Navy and Marine Regulations Established

Flogging aboard ship.
The United Colonies Navy modeled their regulations after the British Articles of War, outlining strict discipline aboard ship.

By early December, 1775, before Captain Nicholas began to recruit his new marine corps in earnest, Congress had approved legislation that organized and regulated the navy that included the marine corps. Rules for the Regulation of the Navy of the United Colonies (later the United States) had been formulated by John Adams based upon the British Royal Navy. The British Navy’s code of conduct, known as the Articles of War, were read aloud to assembled crew of His Majesty’s Ships once a month to enforce strict discipline and duty. By Acts of Parliament, articles within mandated obedience, prohibited swearing and drunkenness, and prescribed death for cowardice or mutiny. They were designed to maintain order, morality, and operational efficiency with strict obedience to superiors. Congress established 44 articles along similar lines that dealt mainly with discipline, but included rations, pay, and length of service. Also established were 18 naval ranks from captain to ‘before the mast,’ seamen. The regulations applied to all men serving on board a Continental ship.

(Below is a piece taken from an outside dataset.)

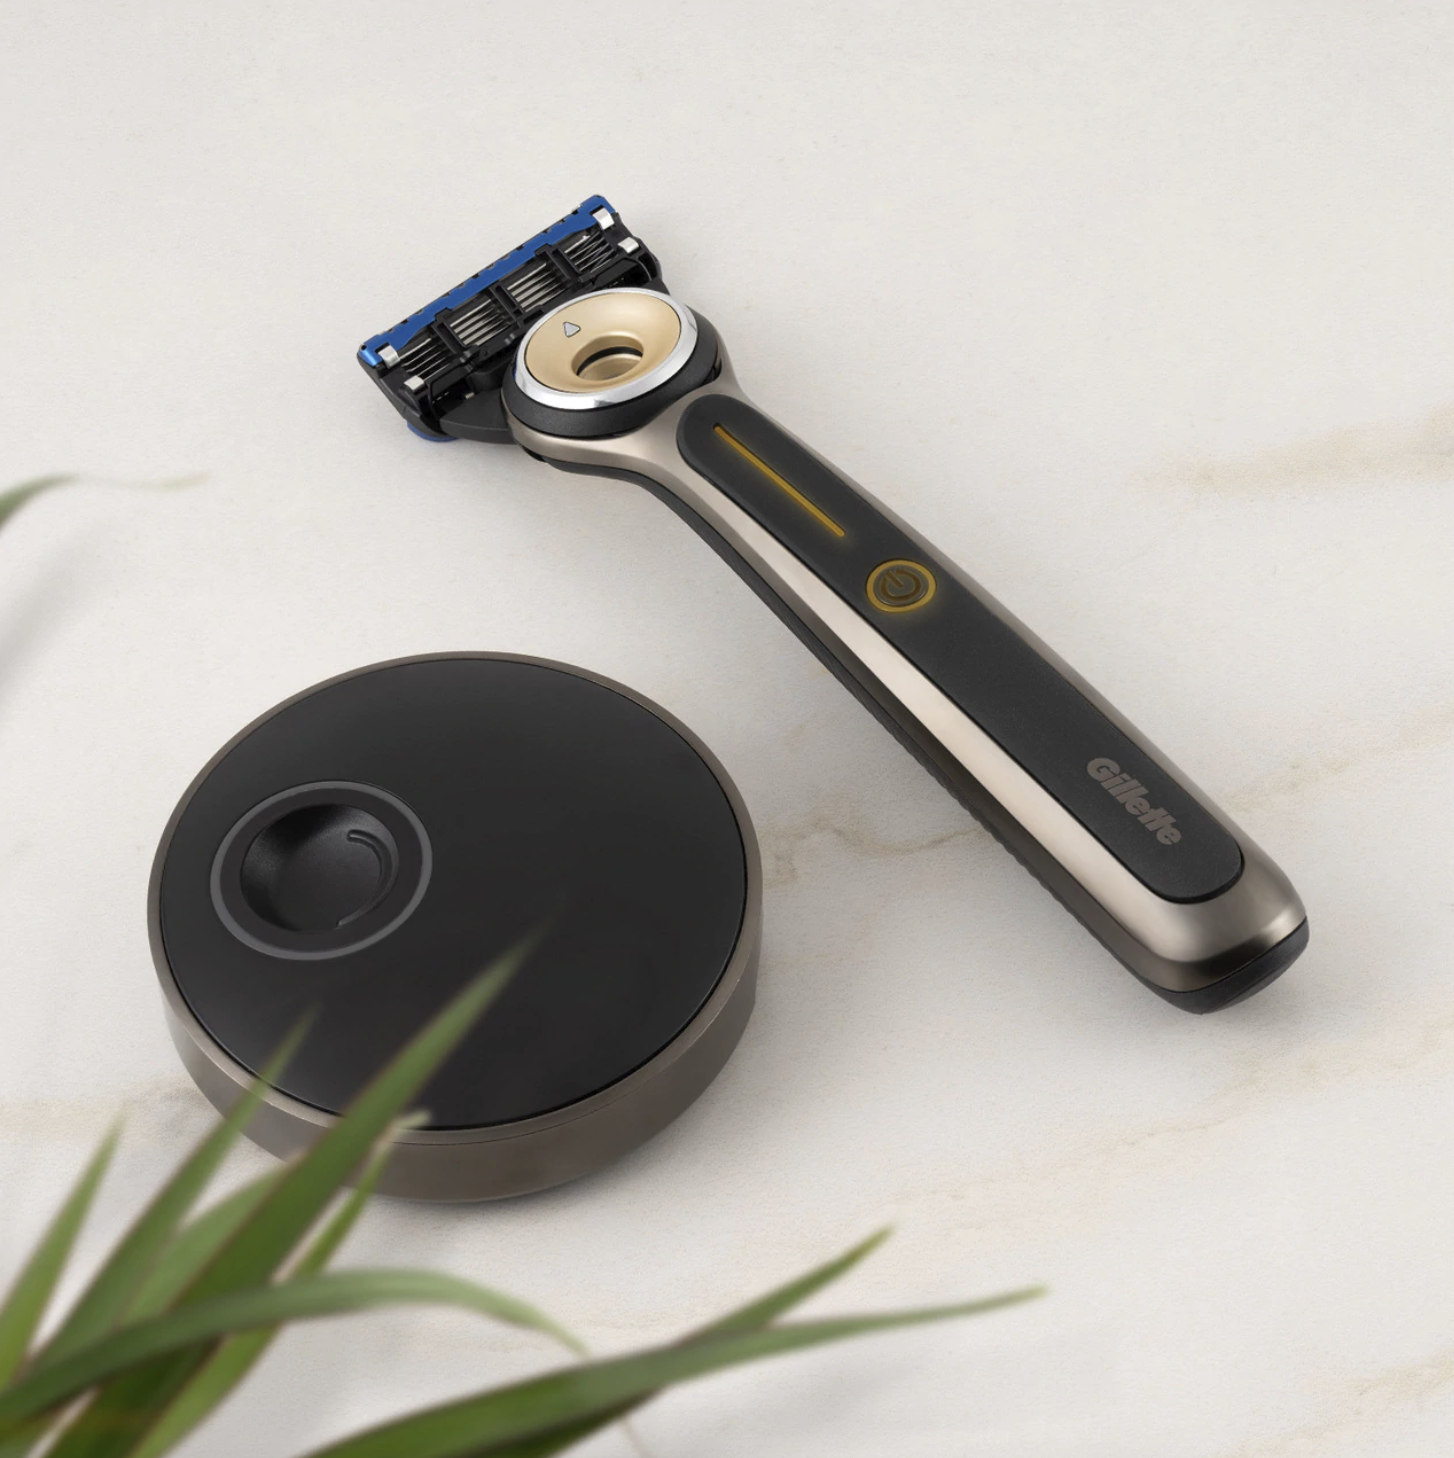 the razor sitting on a marble surface with the circular charging dock
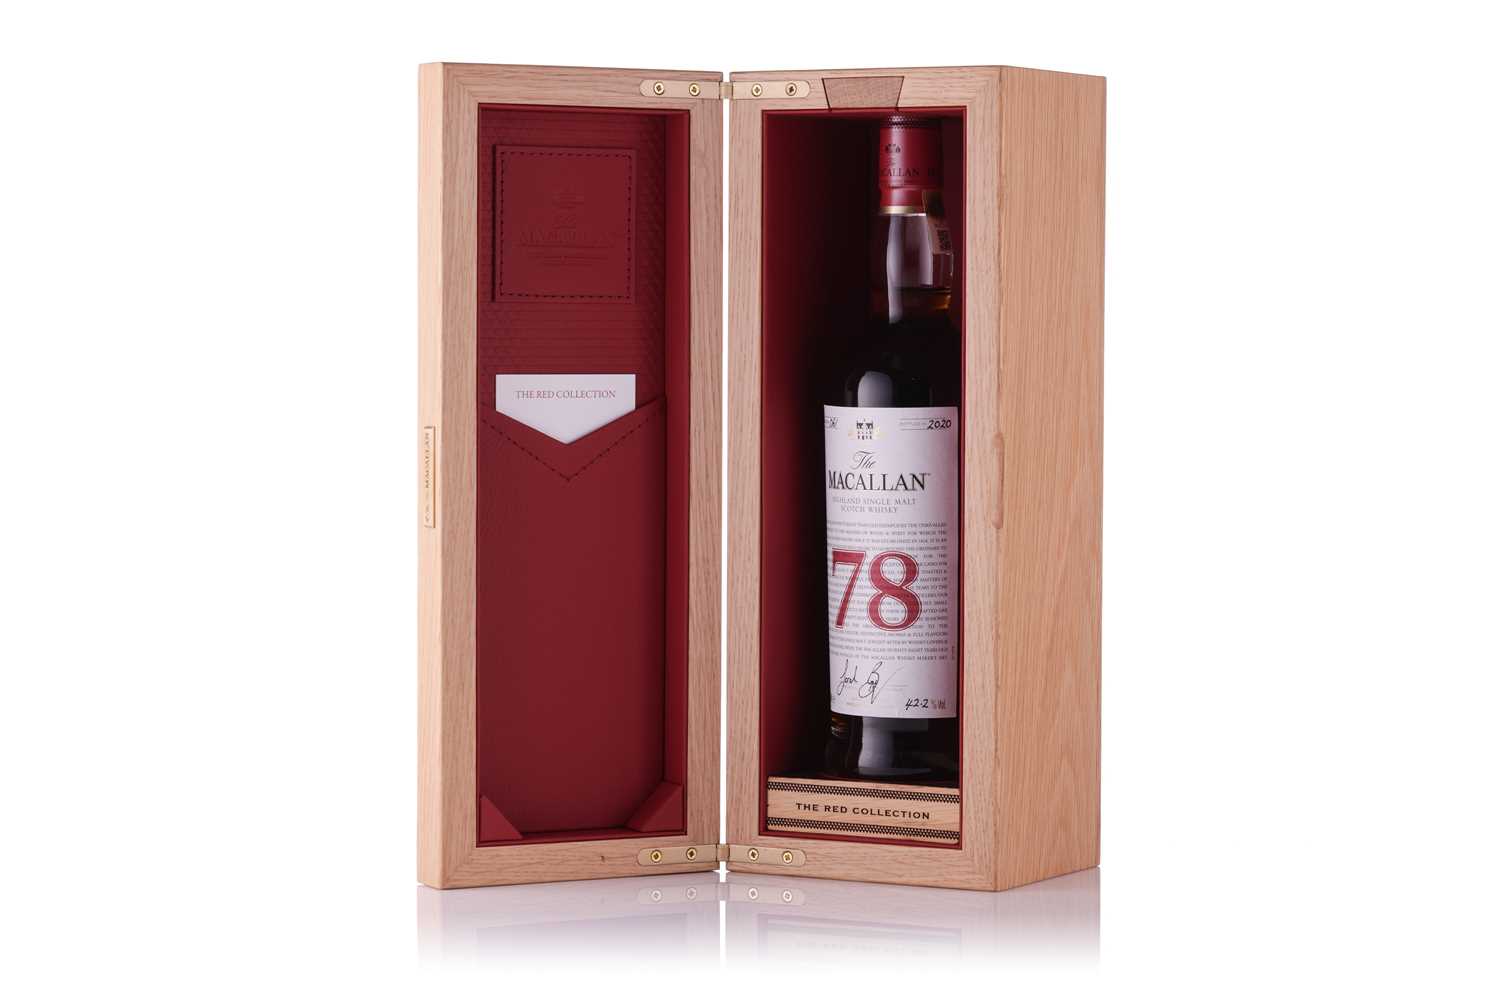 The Macallan 78 year old, The Red Collection. Distilled and bottled by The Macallan Distillery Ltd - Image 5 of 13

Discipline: Of the 44 articles, most detailed a penal code similar to England’s Articles of War in which minor to major offences were outlined with consequences clearly stated. Swearing was punished by wearing a wooden collar “or other such shameful badge of distinction.” Enlisted men were put in irons for drunkenness while officers lost two days’ pay. Minor offences that did not require a court-martial could result in no more than “twelve lashes upon his bare back, with a cat of nine tails.” This was similar to the Royal Navy except that His Majesties officers could order up to 24 lashes if desired and stack charges up to 48.[13] Greater punishments that involved robbery, quarreling, derelict to duty, desertion, and mutiny required a court-martial judged by naval and marine officers. An automatic death sentence was imposed for convictions of murder and cowardice in battle.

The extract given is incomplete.